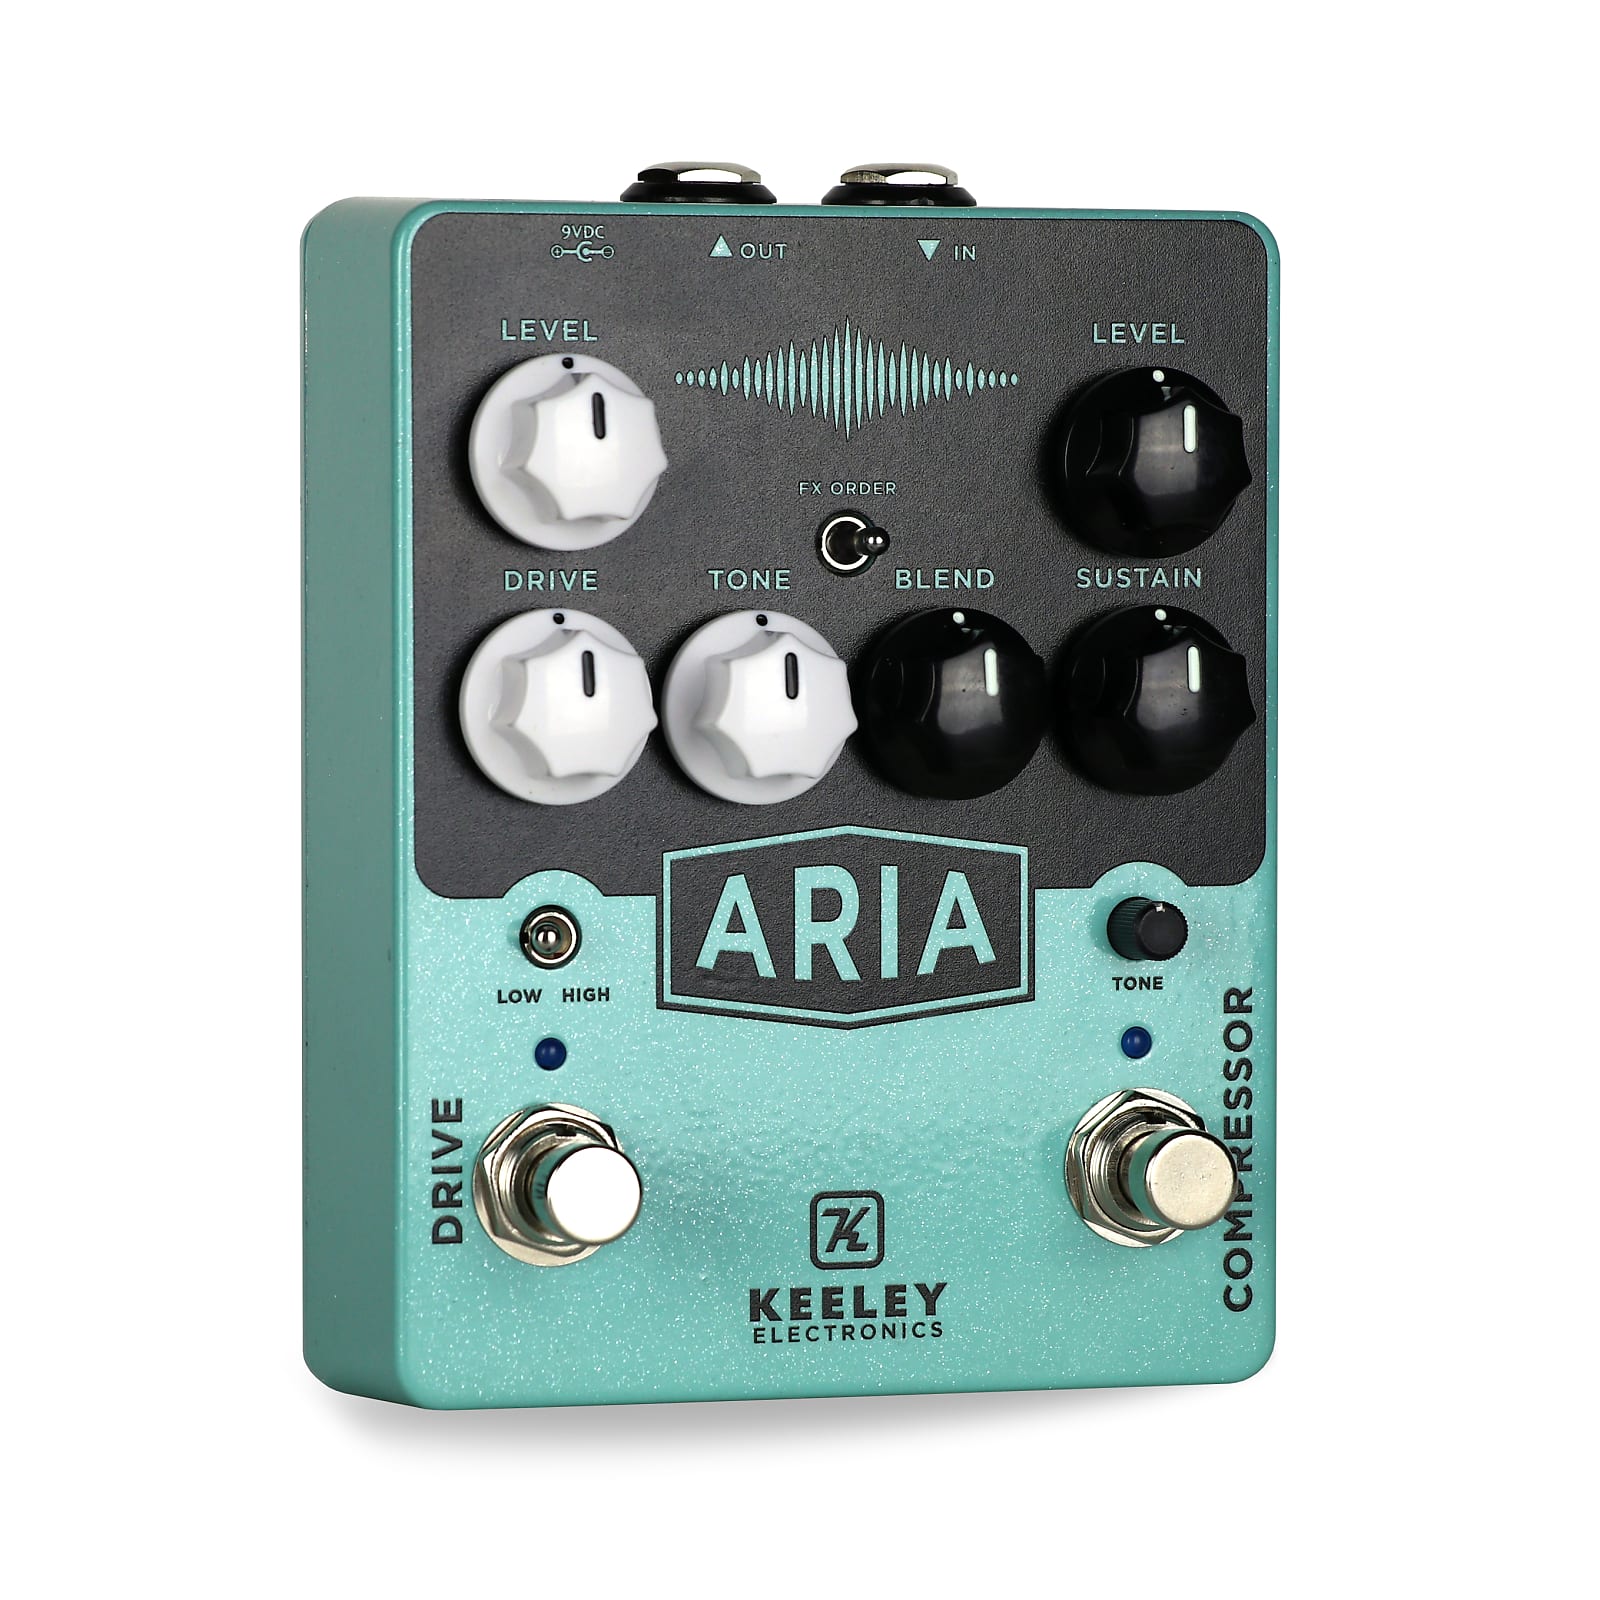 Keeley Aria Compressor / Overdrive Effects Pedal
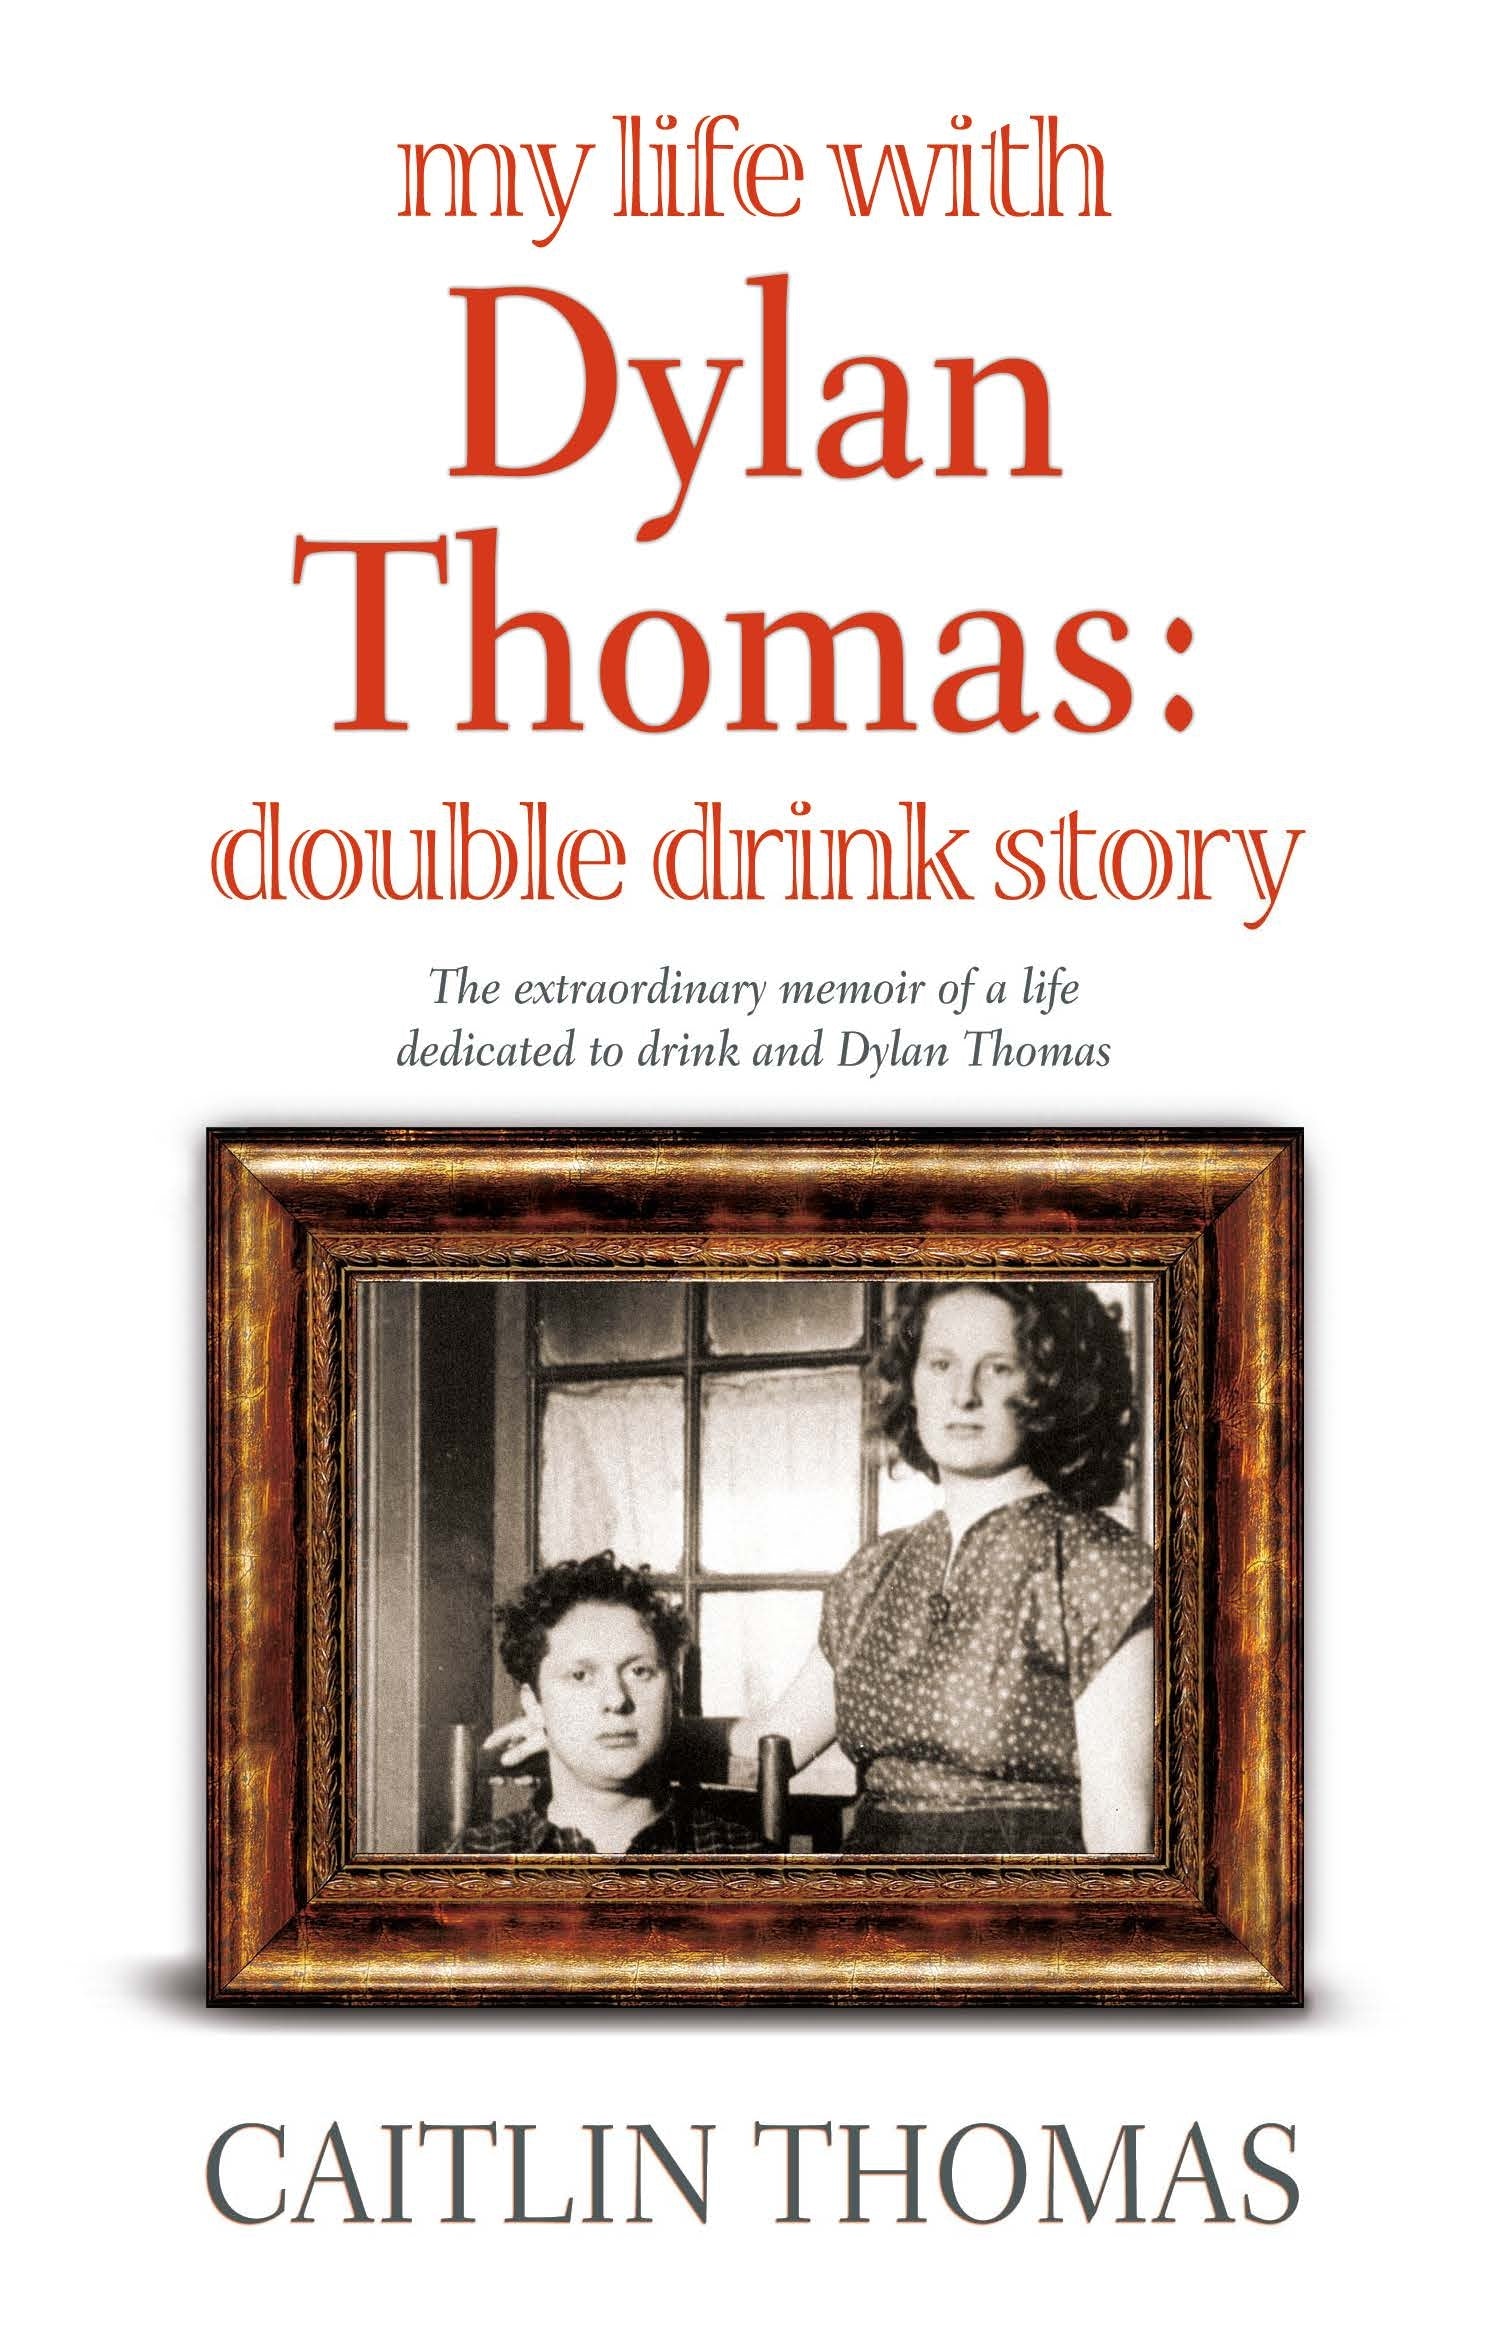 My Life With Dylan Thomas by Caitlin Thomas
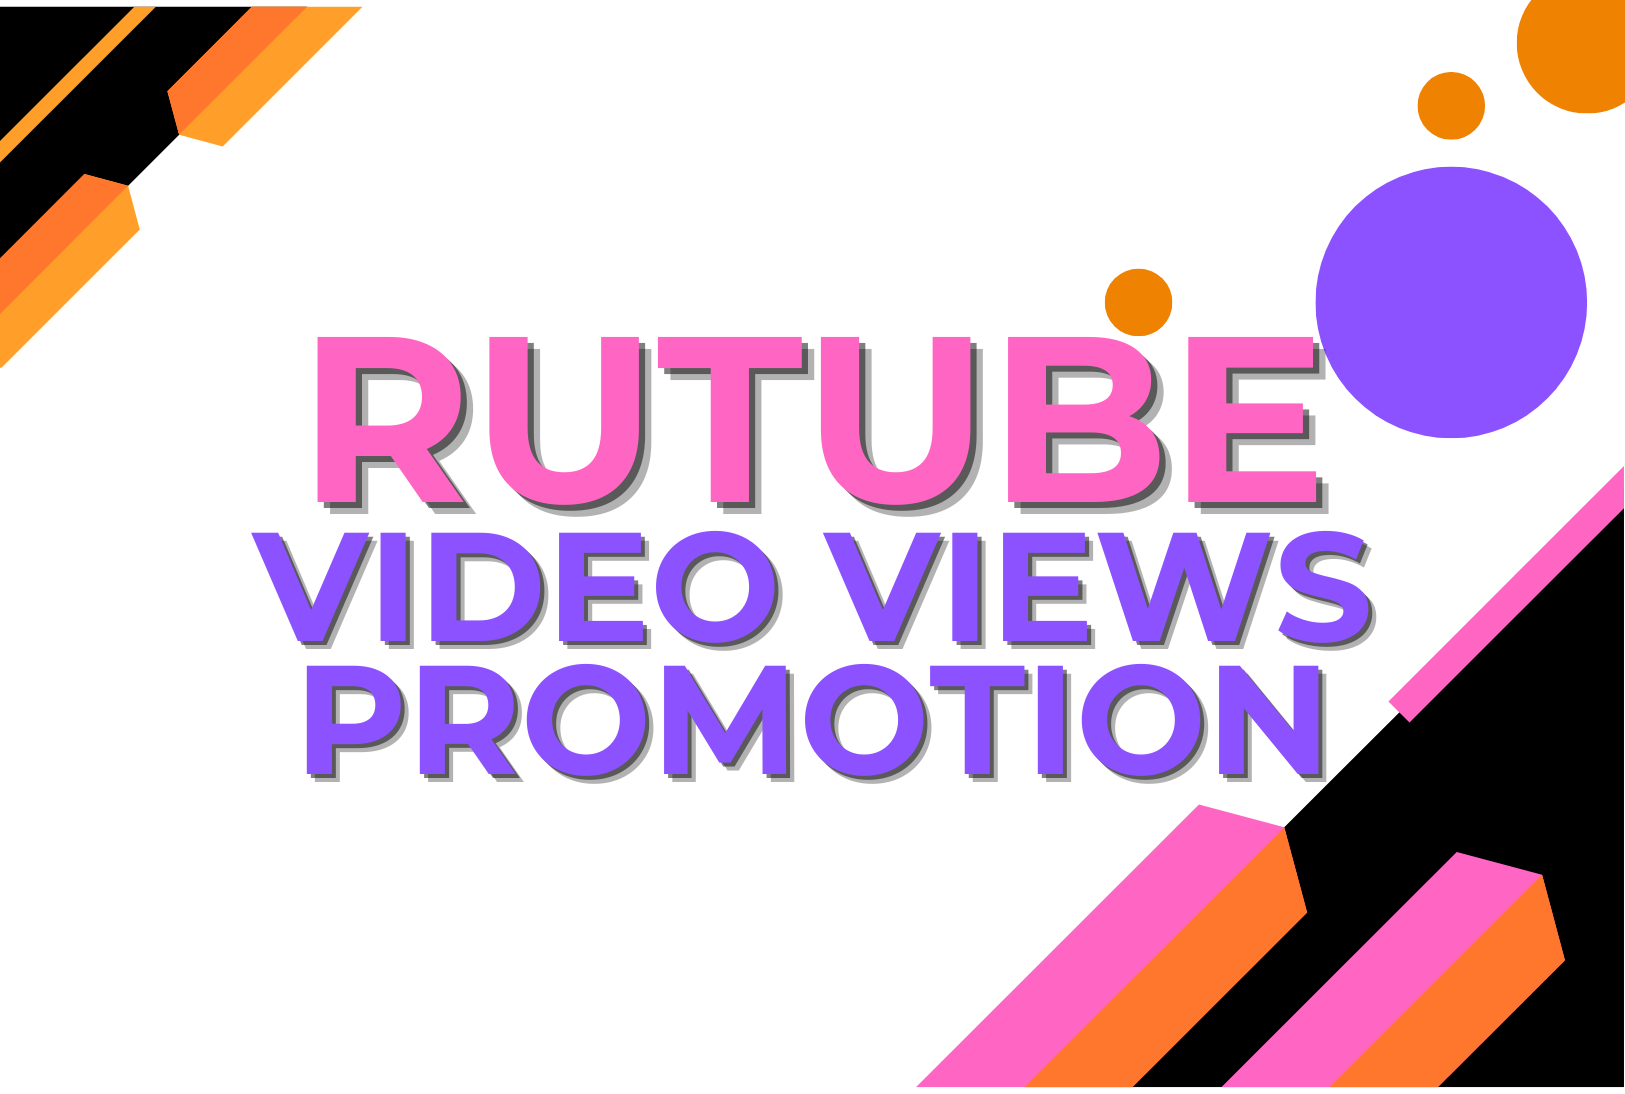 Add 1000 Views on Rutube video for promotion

* * * * * * * * *

* **Exercise prompt**: Reproduce the listing in full and exactly, excluding any pictures it holds.

* **Output below**:
 Keeley Aria Compressor / Overdrive Effects Pedal
 My Life With Dylan Thomas by Caitlin Thomas
 Add 1000 Views on Rutube video for promotion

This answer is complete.